Perhaps the most essential piece of knowledge is that serious black bear attacks are almost always predacious. While grizzlies will attack to defend cubs, their territory, or a carcass they’re feeding on, black bears are probably more interested in food, the intended meal being you. Since many day hikers think of black bears as relatively harmless, John Hechtel, a bear biologist in Canada’s Yukon Territory, is producing a new video in partnership with the International Association for Bear Research and Management, Staying Safe in Bear Country, to be distributed in the coming months to national parks. The video aims to teach the public sophisticated tactical advice to replace the old—and misleading—adage, “If it’s brown, lie down; if it’s black, fight back.” (In addition to the tips above, for example, campers should avoid areas where bears are habituated to human food and not trust that a black bear won’t be brown in color.)

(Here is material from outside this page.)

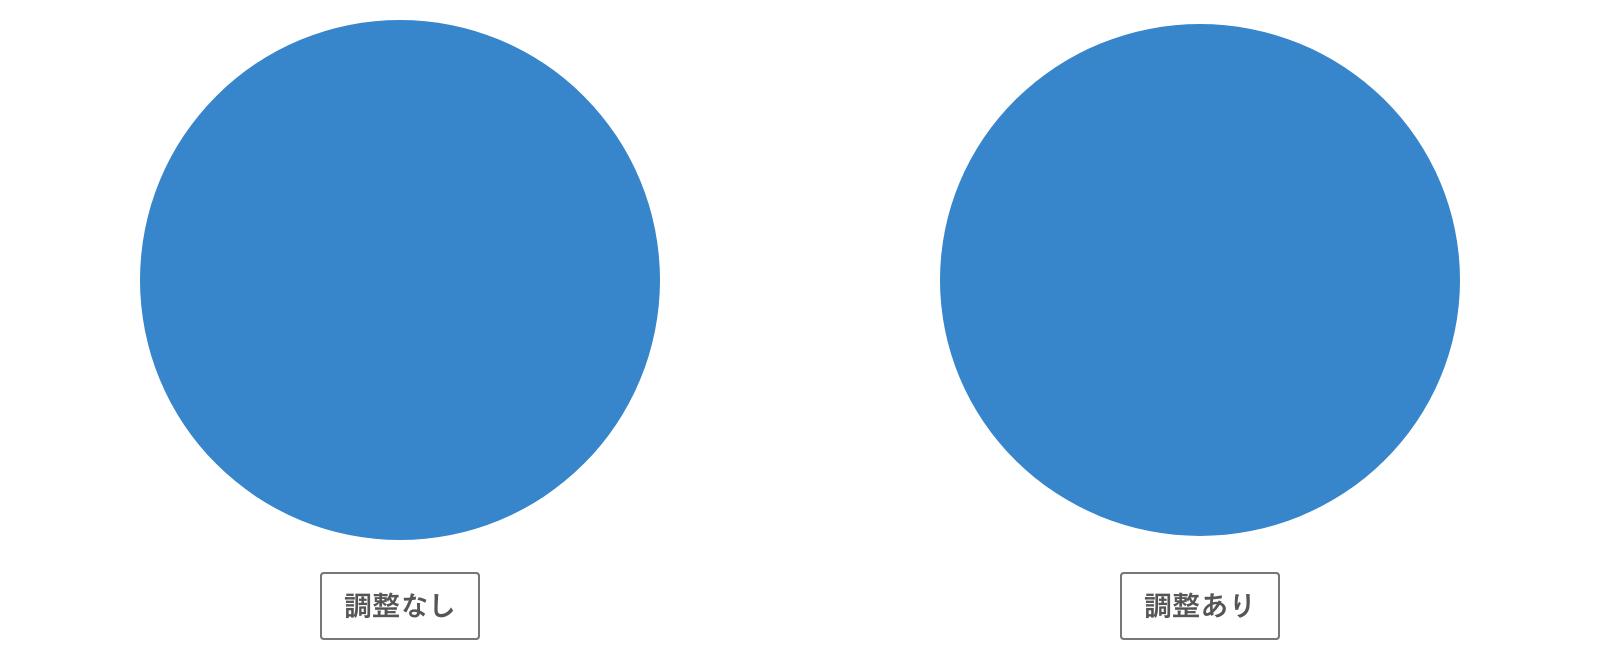 正円の比較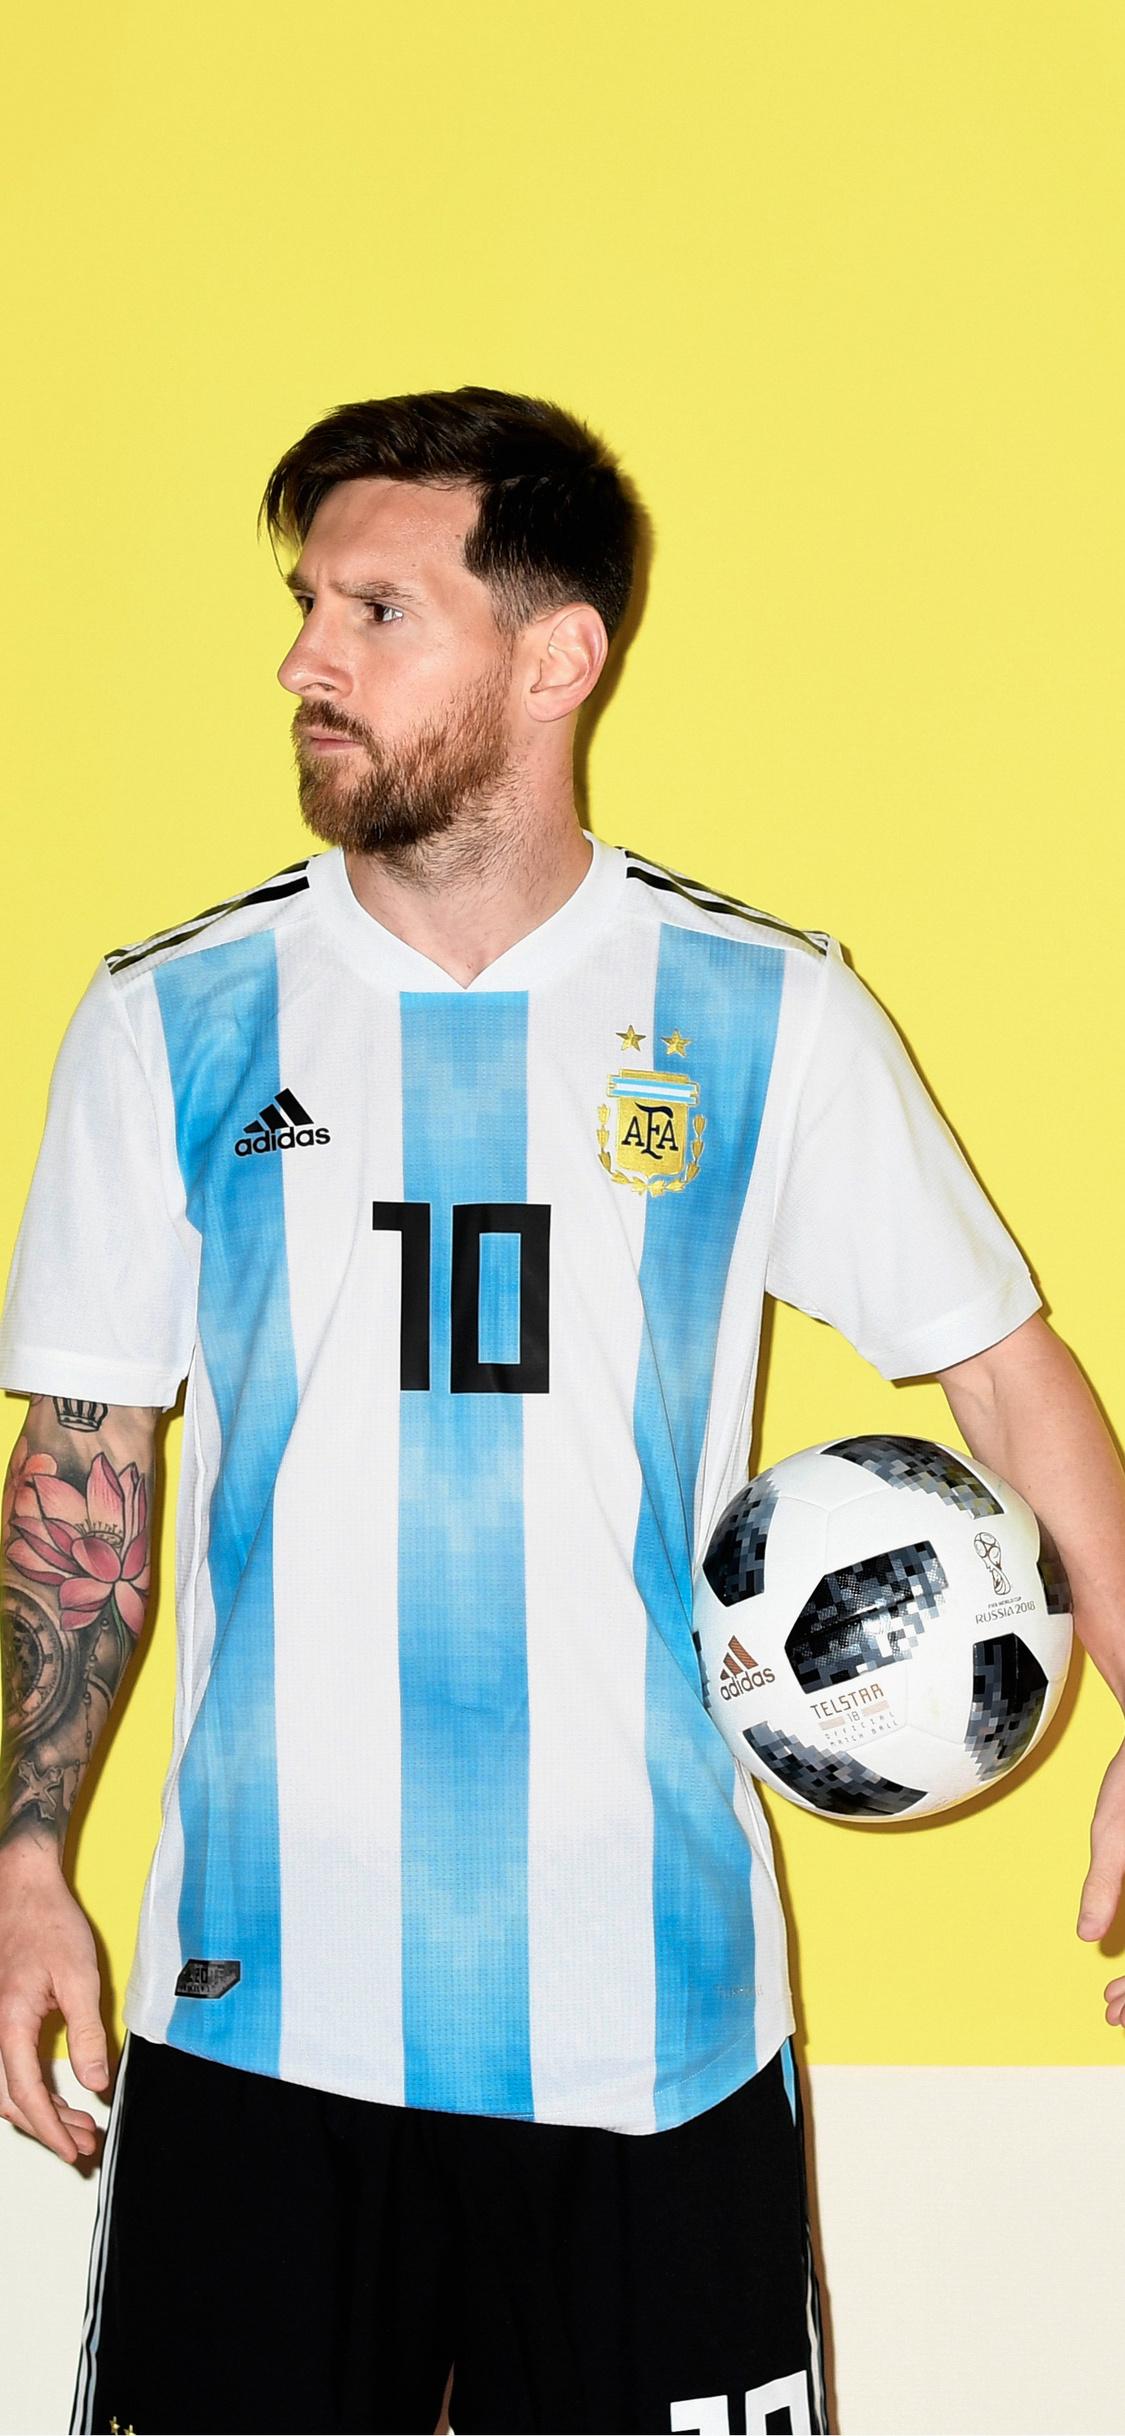 1125x2436 Lionel Messi Argentina Portrait 2018 Iphone Xs

Hechtel allows that attacks are complex, often ambiguous events: “You can’t do science on bear attacks. You can’t roll back the film of a mauling and say, ‘This time, don’t shout, don’t wave your arms.'” But given how incredibly tolerant black bears really are, Hechtel says, it was hard to find footage of aggressive behavior. His ultimate advice is to put the horror stories in perspective and realize that bears “are a lot more like dogs than like some kind of mythological critters who are out there waiting to kick human butt.”